To be included, participants must retire within 6 months with no plans to resume full-time employment within the next 18 months. We will, however, record any paid, voluntary, part-time, or bridging work postretirement. As there are no age restrictions for retirement, none will be imposed in the present study, though we anticipate that most participants will be aged between 55 and 70 years of age. Participants will need to consent to participate and be willing to complete follow-up surveys.

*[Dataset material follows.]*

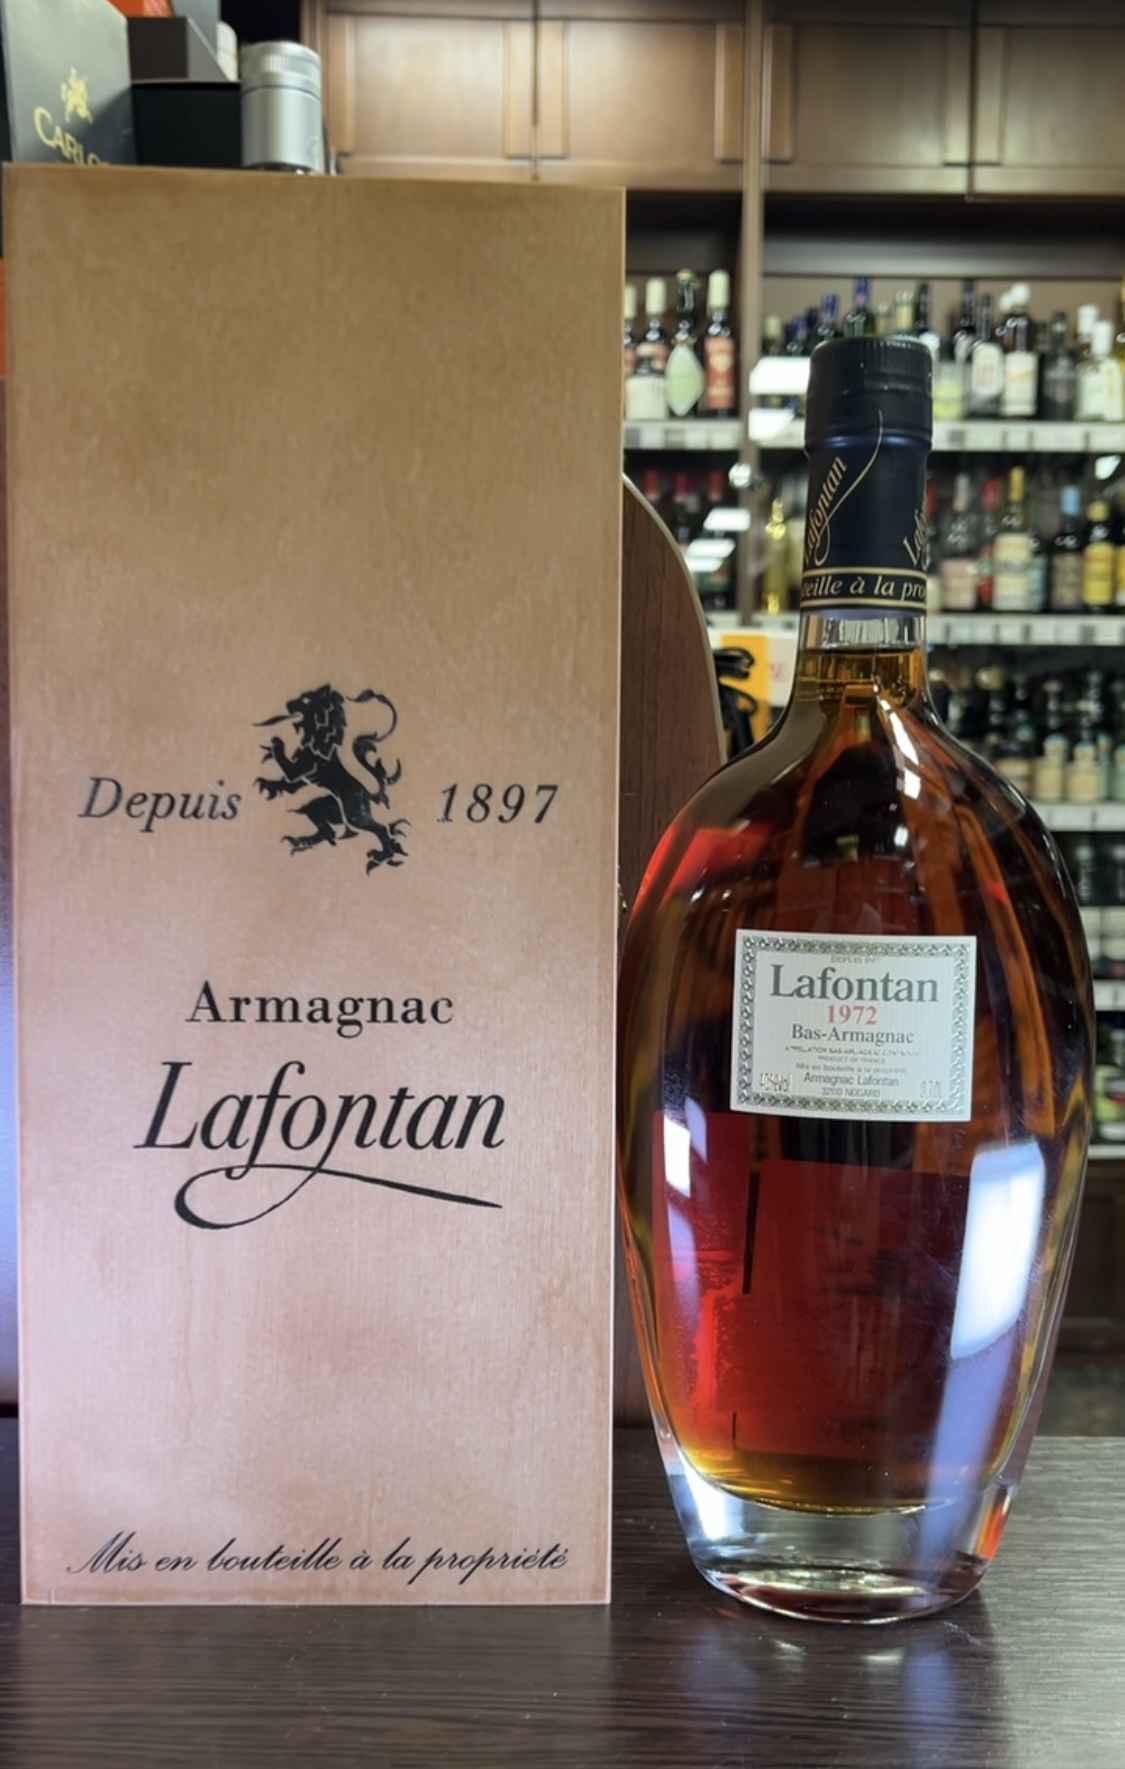 Armagnac Lafontan 1972 years Арманьяк Лафонтан 1972 года 0.7л в деревянной упаковке

At each time point, participants will be asked to complete a survey, online (in Australia, US) or in paper-and pencil format (in China, where this is standard), that comprises demographic, perceived health, class and financial status questions in addition to validated measures of four key constructs: (1) Career and workplace factors (e.g., Job Satisfaction Survey, Employee Commitment Survey); (2) Retirement adjustment, using primary (e.g., Retirement Adjustment Scale, Retirement Planning Questionnaire), and secondary (i.e., wellbeing, Satisfaction with Life Scale; mood, Depression Anxiety Stress Scale; self-efficacy, Retirement Selfefficacy Scale) indicators (3) Social identity, measuring maintained and new identities in addition to identity compatibility (Social Network Diversity, Exeter Identity and Transition Scales), and (4) Individual differences (e.g., Ten-item Personality Inventory). We have experience in using forward- and back translation of similar measures in Chinese organizational contexts (Steffens et al., 2014, 2015).

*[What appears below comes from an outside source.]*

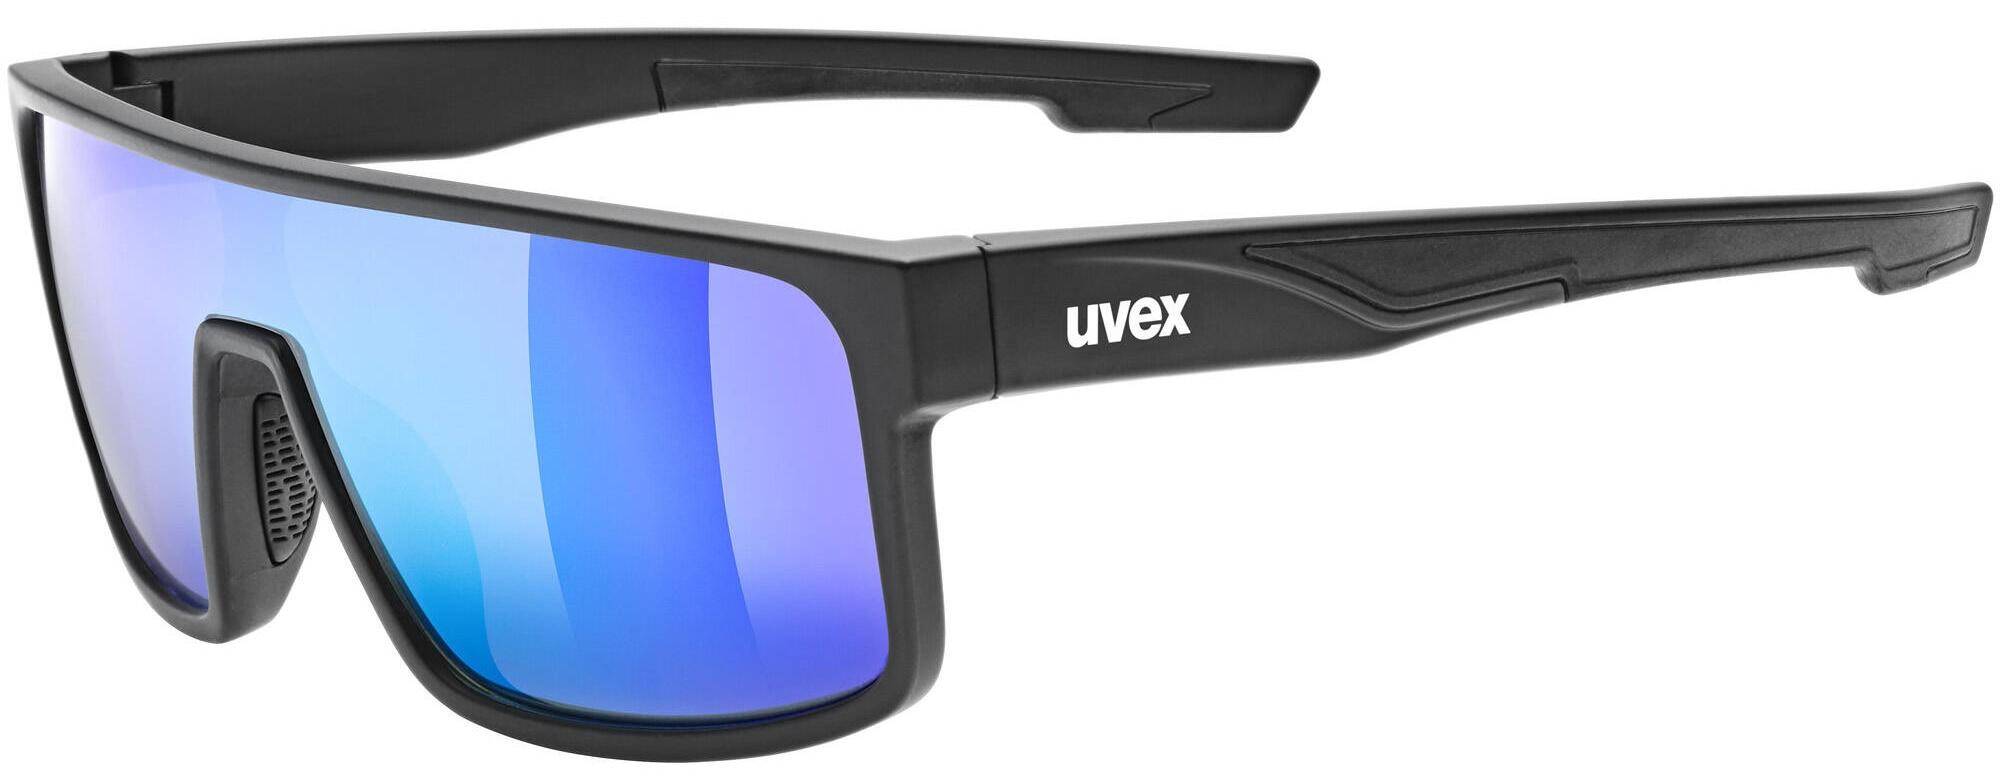 Okulary Uvex lgl 51 czarne szy. (Zdjęcie 2)

We will apply the same strategy used in Study 1 to examine the following SIMIC-derived hypotheses.
- The role of multiple group membership at T1 in predicting long-term adjustment over time (H1).
- The mediating roles of maintained (H2, H3) and new (H4) groups at T1-T2 in predicting T3 adjustment.
- The contribution of group membership compatibility to adjustment (H5).
- We will include other factors recognized as influencing adjustment in our modelling. By assessing personal identity, individual differences, and perceived health, in addition to interpersonal and social identity variables, we can determine which has greater power in predicting adjustment (as in Haslam et al., 2014a).